*** Opening Data extract ***

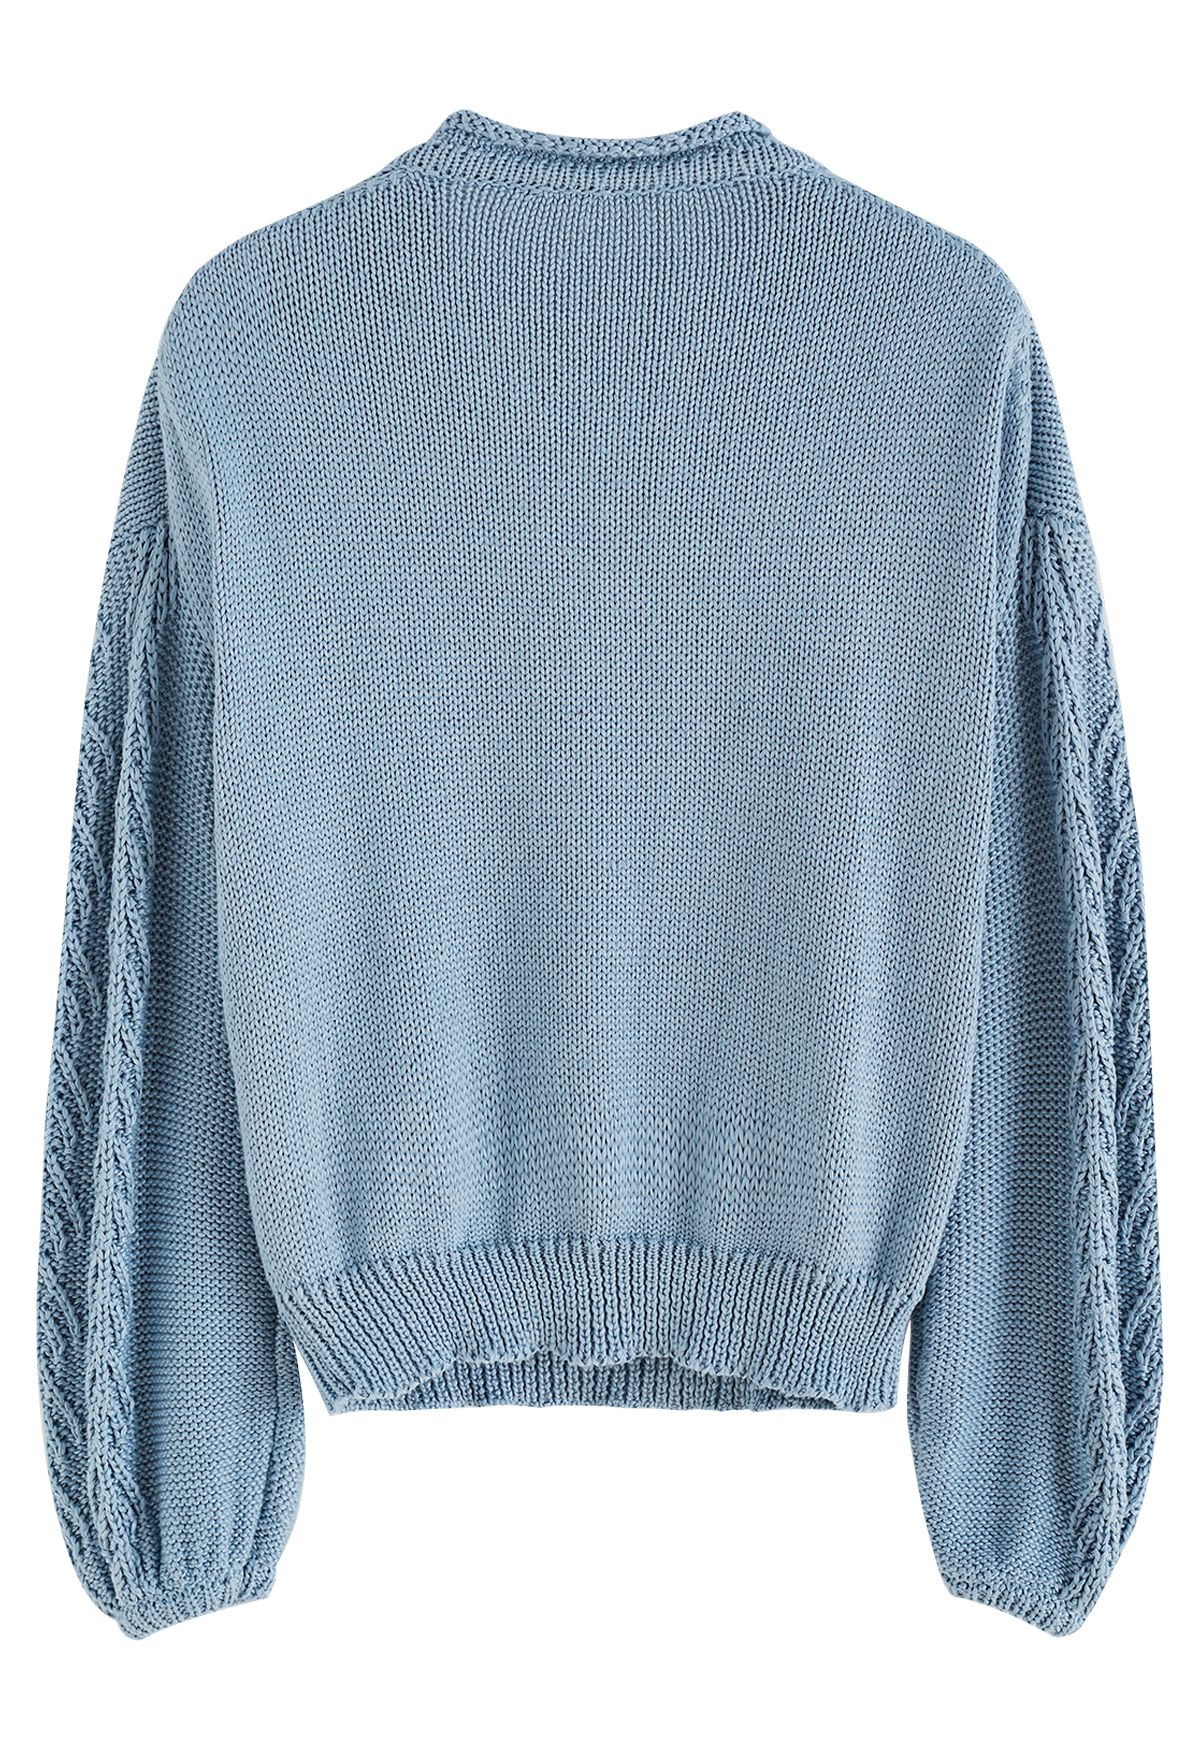 Blooming Passion Floral Stitch V-Neck Knit Sweater in Blue
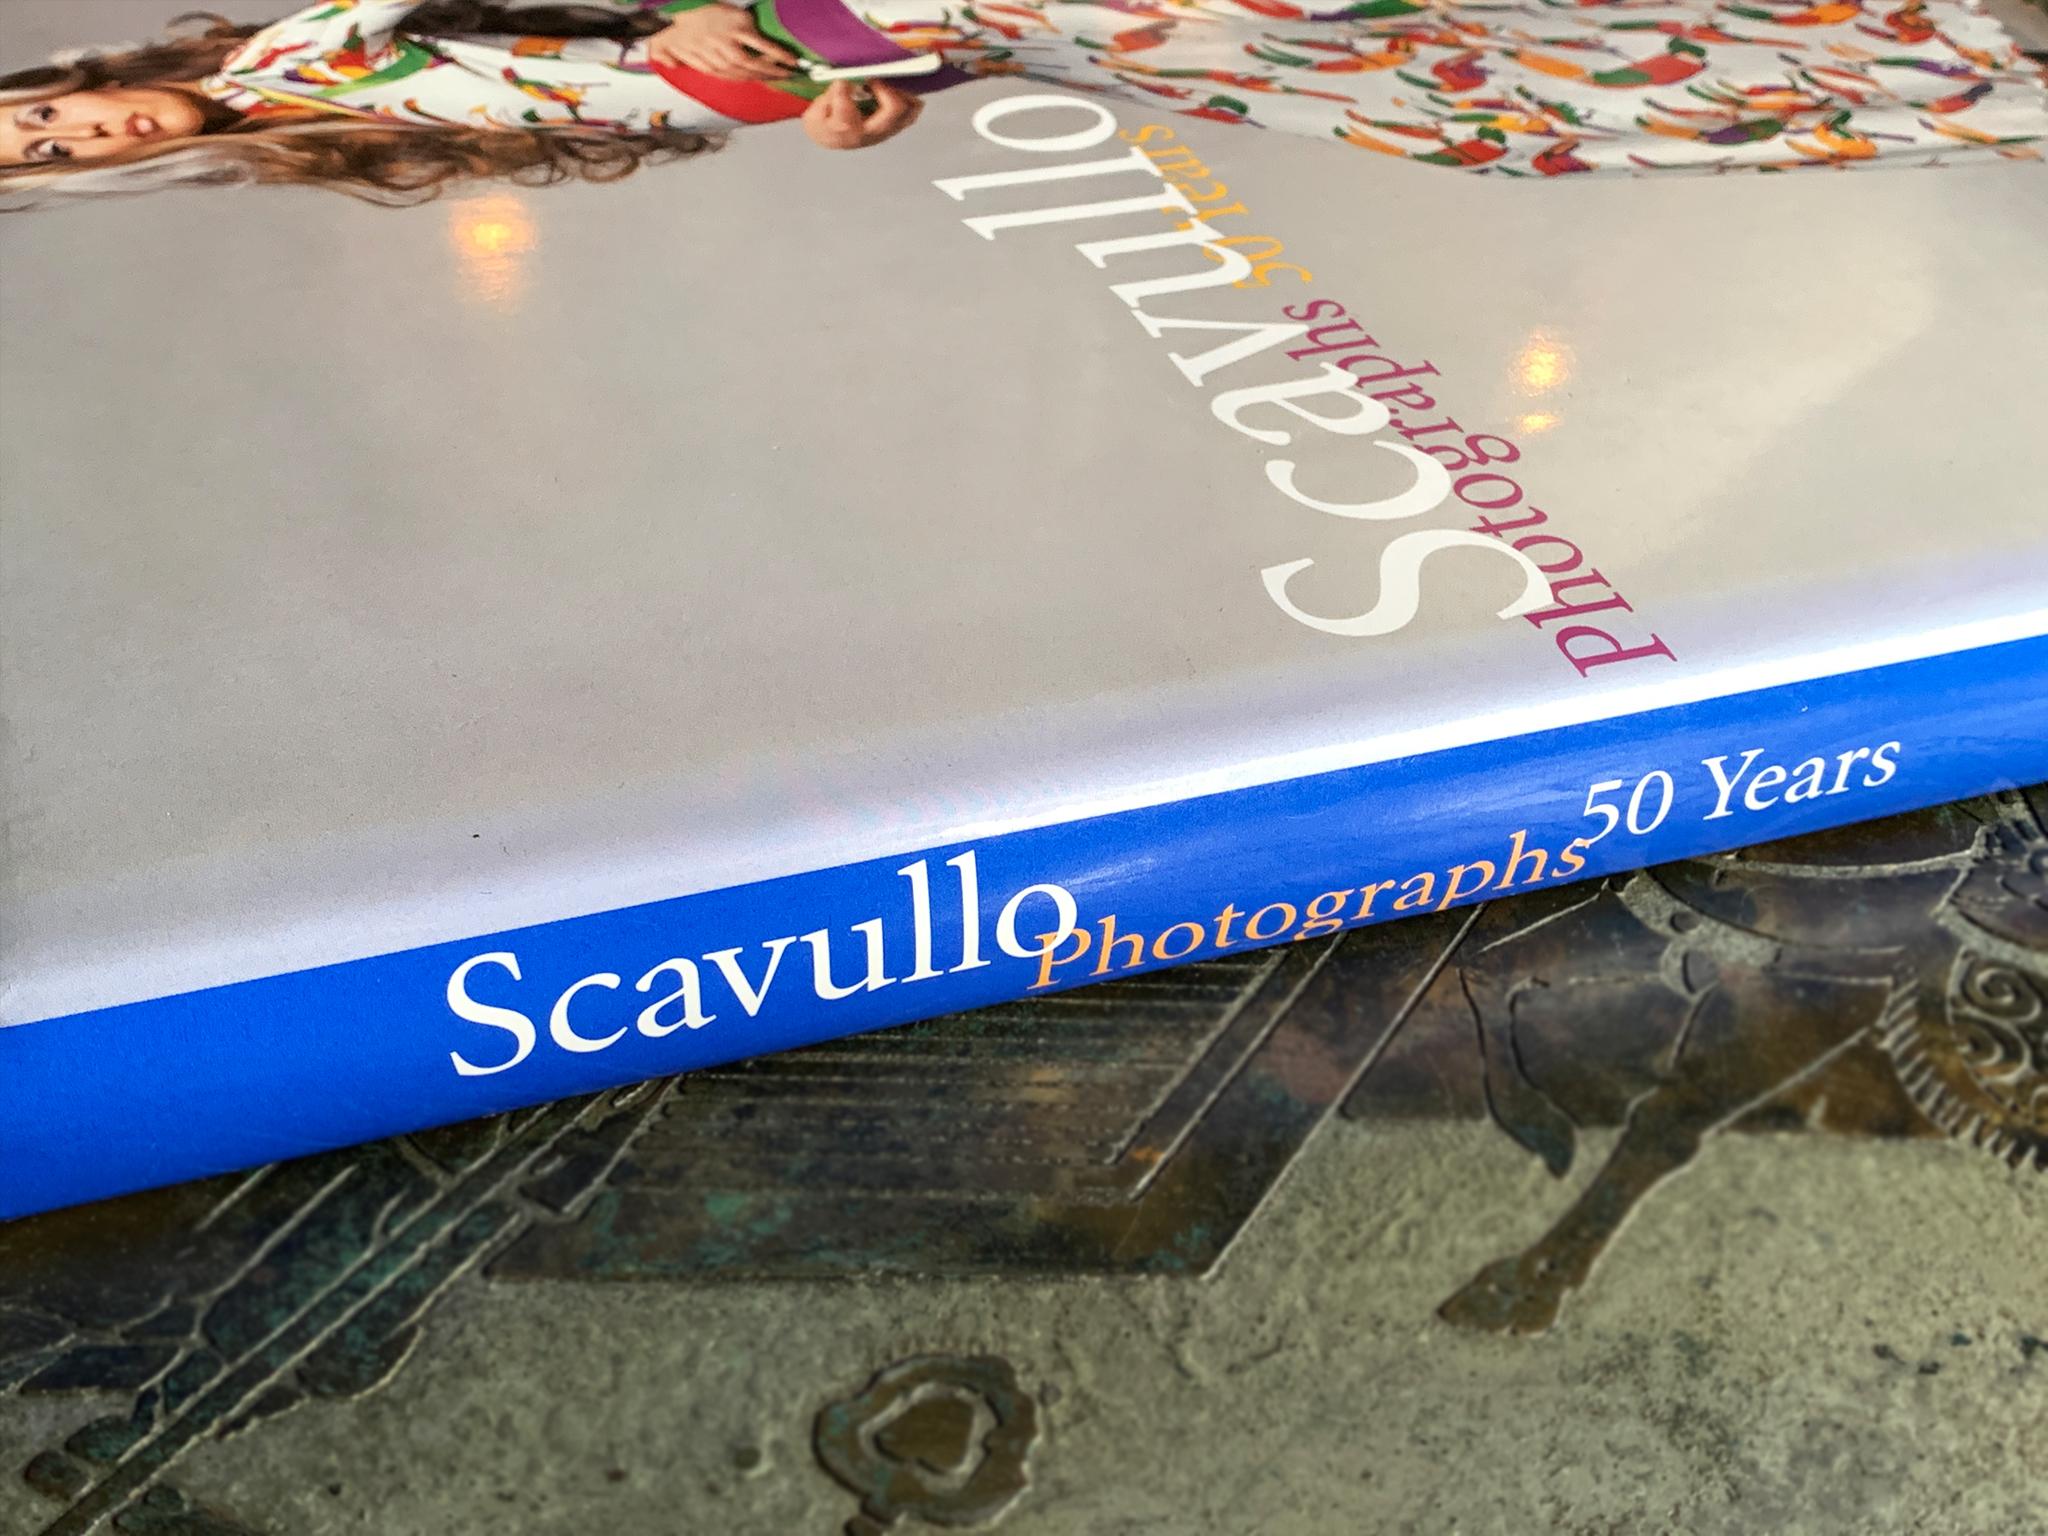 Paper Scavullo Photographs 50 Years For Sale
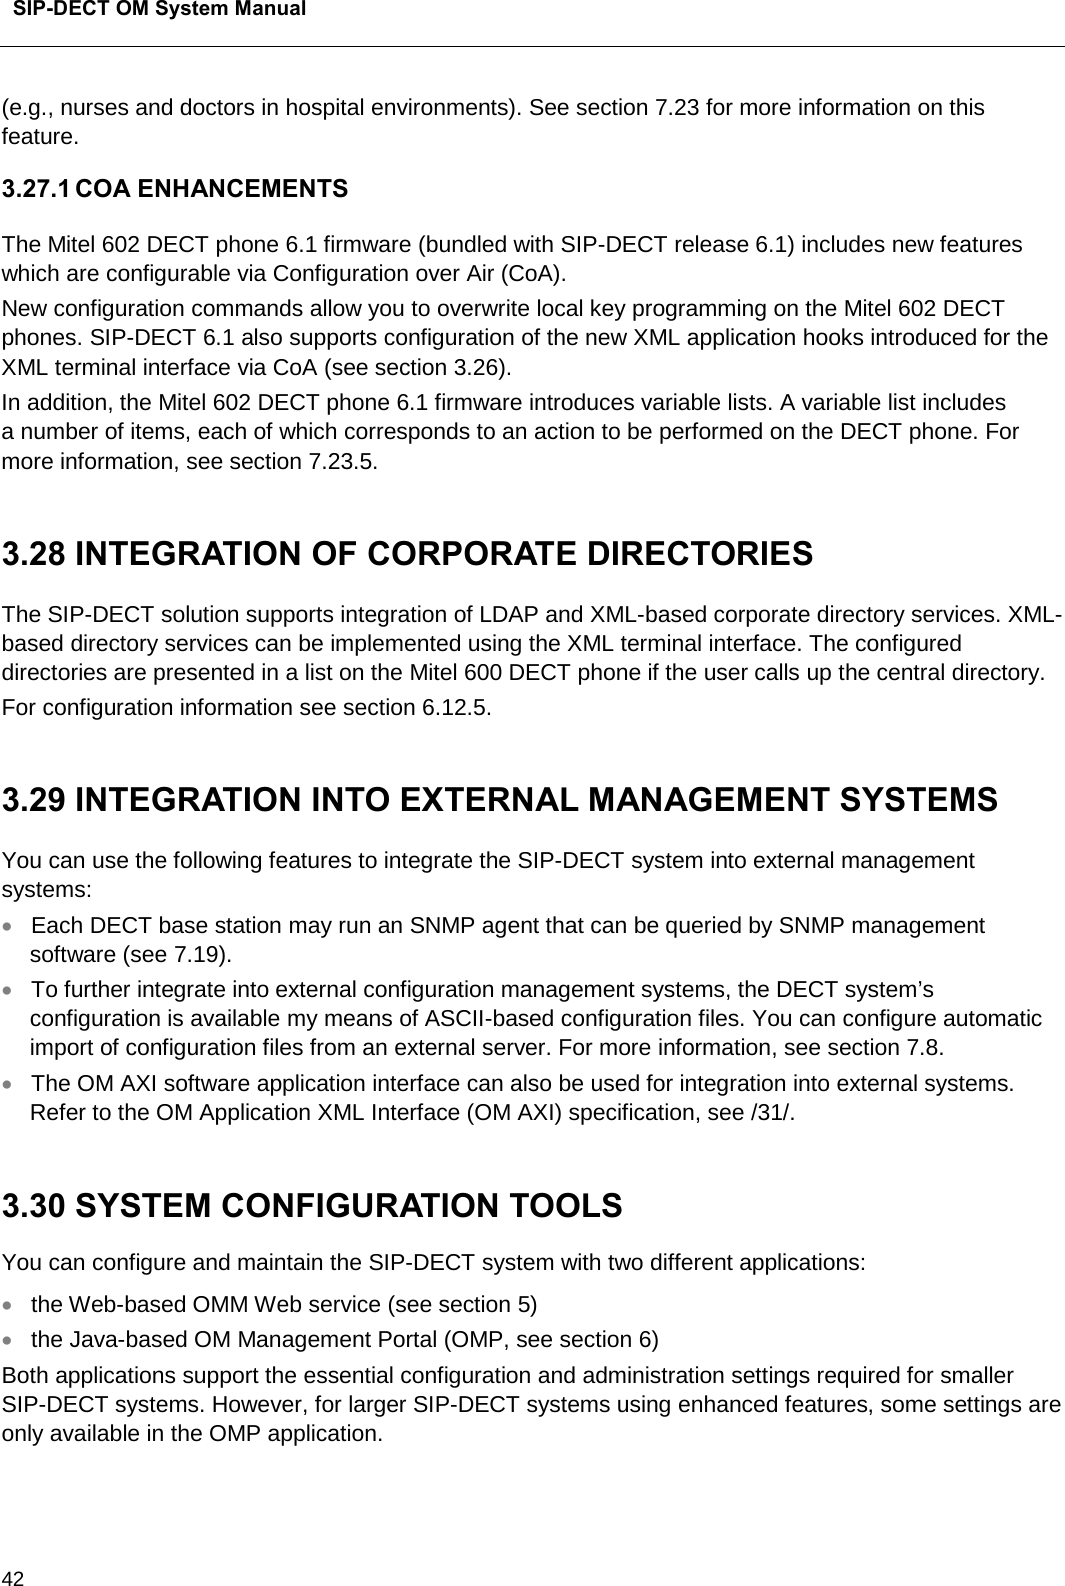  SIP-DECT OM System Manual    42 (e.g., nurses and doctors in hospital environments). See section 7.23 for more information on this feature. 3.27.1 COA ENHANCEMENTS The Mitel 602 DECT phone 6.1 firmware (bundled with SIP-DECT release 6.1) includes new features which are configurable via Configuration over Air (CoA). New configuration commands allow you to overwrite local key programming on the Mitel 602 DECT phones. SIP-DECT 6.1 also supports configuration of the new XML application hooks introduced for the XML terminal interface via CoA (see section 3.26). In addition, the Mitel 602 DECT phone 6.1 firmware introduces variable lists. A variable list includes  a number of items, each of which corresponds to an action to be performed on the DECT phone. For more information, see section 7.23.5.  3.28 INTEGRATION OF CORPORATE DIRECTORIES  The SIP-DECT solution supports integration of LDAP and XML-based corporate directory services. XML-based directory services can be implemented using the XML terminal interface. The configured directories are presented in a list on the Mitel 600 DECT phone if the user calls up the central directory.  For configuration information see section 6.12.5.   3.29 INTEGRATION INTO EXTERNAL MANAGEMENT SYSTEMS You can use the following features to integrate the SIP-DECT system into external management systems: • Each DECT base station may run an SNMP agent that can be queried by SNMP management software (see 7.19).  • To further integrate into external configuration management systems, the DECT system’s configuration is available my means of ASCII-based configuration files. You can configure automatic import of configuration files from an external server. For more information, see section 7.8. • The OM AXI software application interface can also be used for integration into external systems. Refer to the OM Application XML Interface (OM AXI) specification, see /31/.  3.30 SYSTEM CONFIGURATION TOOLS You can configure and maintain the SIP-DECT system with two different applications: • the Web-based OMM Web service (see section 5)  • the Java-based OM Management Portal (OMP, see section 6) Both applications support the essential configuration and administration settings required for smaller SIP-DECT systems. However, for larger SIP-DECT systems using enhanced features, some settings are only available in the OMP application.

*** Closing Data extract ***

#### Exercise prompt:
With pictures excluded, output the listing above exactly as it stands.

#### Reply to the exercise:
 Blooming Passion Floral Stitch V-Neck Knit Sweater in Blue
 Paper Scavullo Photographs 50 Years For Sale
  SIP-DECT OM System Manual    42 (e.g., nurses and doctors in hospital environments). See section 7.23 for more information on this feature. 3.27.1 COA ENHANCEMENTS The Mitel 602 DECT phone 6.1 firmware (bundled with SIP-DECT release 6.1) includes new features which are configurable via Configuration over Air (CoA). New configuration commands allow you to overwrite local key programming on the Mitel 602 DECT phones. SIP-DECT 6.1 also supports configuration of the new XML application hooks introduced for the XML terminal interface via CoA (see section 3.26). In addition, the Mitel 602 DECT phone 6.1 firmware introduces variable lists. A variable list includes  a number of items, each of which corresponds to an action to be performed on the DECT phone. For more information, see section 7.23.5.  3.28 INTEGRATION OF CORPORATE DIRECTORIES  The SIP-DECT solution supports integration of LDAP and XML-based corporate directory services. XML-based directory services can be implemented using the XML terminal interface. The configured directories are presented in a list on the Mitel 600 DECT phone if the user calls up the central directory.  For configuration information see section 6.12.5.   3.29 INTEGRATION INTO EXTERNAL MANAGEMENT SYSTEMS You can use the following features to integrate the SIP-DECT system into external management systems: • Each DECT base station may run an SNMP agent that can be queried by SNMP management software (see 7.19).  • To further integrate into external configuration management systems, the DECT system’s configuration is available my means of ASCII-based configuration files. You can configure automatic import of configuration files from an external server. For more information, see section 7.8. • The OM AXI software application interface can also be used for integration into external systems. Refer to the OM Application XML Interface (OM AXI) specification, see /31/.  3.30 SYSTEM CONFIGURATION TOOLS You can configure and maintain the SIP-DECT system with two different applications: • the Web-based OMM Web service (see section 5)  • the Java-based OM Management Portal (OMP, see section 6) Both applications support the essential configuration and administration settings required for smaller SIP-DECT systems. However, for larger SIP-DECT systems using enhanced features, some settings are only available in the OMP application.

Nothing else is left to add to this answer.